Chapter 12

Extending Power Query with Custom Functions

In This Chapter

arrow Making a custom function

arrow Using custom functions in other queries

arrow Creating a parameter query

In Chapter 8, you see that Power Query records all actions using its own formula language (known as the M language). When you connect to a data source and apply transformations to that data, Power Query diligently saves your actions as M code behind the scenes in query steps. The transformation steps can then be repeated when you refresh the data in your query.

That backstage coding is relatively transparent, and can, for the most part, be ignored for most data processing activities. In this chapter, I show you how to leverage the M language to extend the capabilities of Power Query to create your own custom functions and perform truly heroic data processing.

Creating and Using a Basic Custom Function

When building a custom function for Power Query, you’re essentially doing nothing more than creating a query and manipulating its M code to return a desired result. That result can be an array, a data table, or a single value.

To help you gain a sense of the general steps taken to create a custom function, I show you now how to build a basic mathematical function that calculates profit. This function should be able to take a revenue amount and a cost amount and output a profit amount using this basic mathematical operation:

Revenue – Cost = Profit

For basic functions such as this one, you can start with a blank query and simply enter the needed M code from scratch. Follow these steps:

  1. Click the Data tab in Excel and select New Query ⇒ From Other Data Sources ⇒ Blank Query.

    This step activates the Query Editor window.

  2. On the Query Editor Ribbon, click on the View tab and select the Advanced Editor command.
  3. When the Advanced Editor window opens, delete the starter syntax you see in the code input box.
  4. Enter the following code into the code input box:

    let Profit = (Revenue, Cost)=>

    Revenue-Cost

    in Profit

    • Line 1 of the code tells Power Query that this is a function called Profit, requiring two parameters. For clarity, the two parameters are named Revenue and Cost, though Power Query doesn’t care what you name them as long as the names start with a letter and have no spaces.
    • Line 2 in the code essentially tells Power Query to subtract the Cost parameter from the Revenue parameter.
    • Line 3 of the code tells Power Query to return the result.

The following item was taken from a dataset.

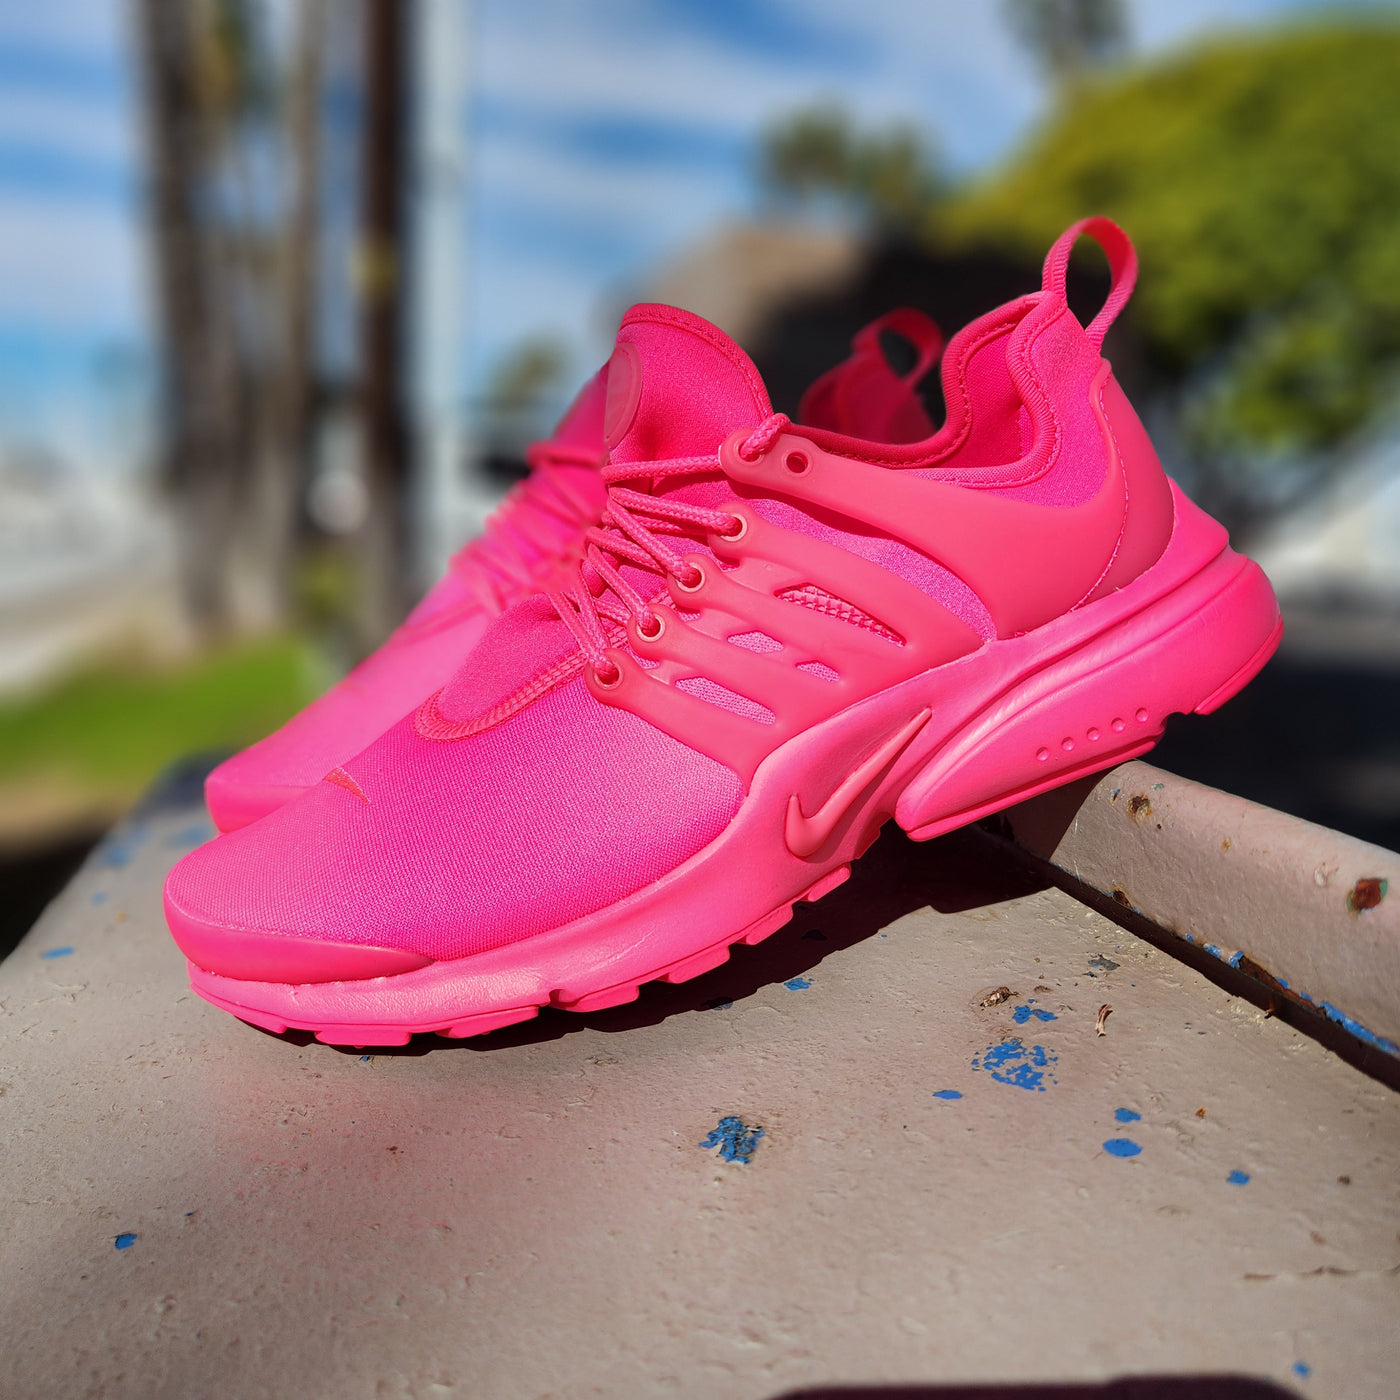 W Nike Air Presto Hyper Pink

    Figure 12-1 illustrates what the code looks like in the Advanced Editor window.

  5. Click the Done button to close the Advanced Editor window.
  6. In the Query Settings pane, change the name of the query in the Name input box. The goal here is to give your function a reasonably descriptive name, as opposed to Query1. In this case, enter FunctionProfit in the Name input box.
  7. At this point, you can select the Home tab of the Query Editor and click the Close & Load button.

    As you can see in Figure 12-2, Power Query adds the query to the Workbook Queries pane as a connection-only query. Queries recognized as functions are automatically saved as connection-only.

image

Figure 12-1: Enter your custom code in the Advanced Editor window.

image

Figure 12-2: Your function is ready to use.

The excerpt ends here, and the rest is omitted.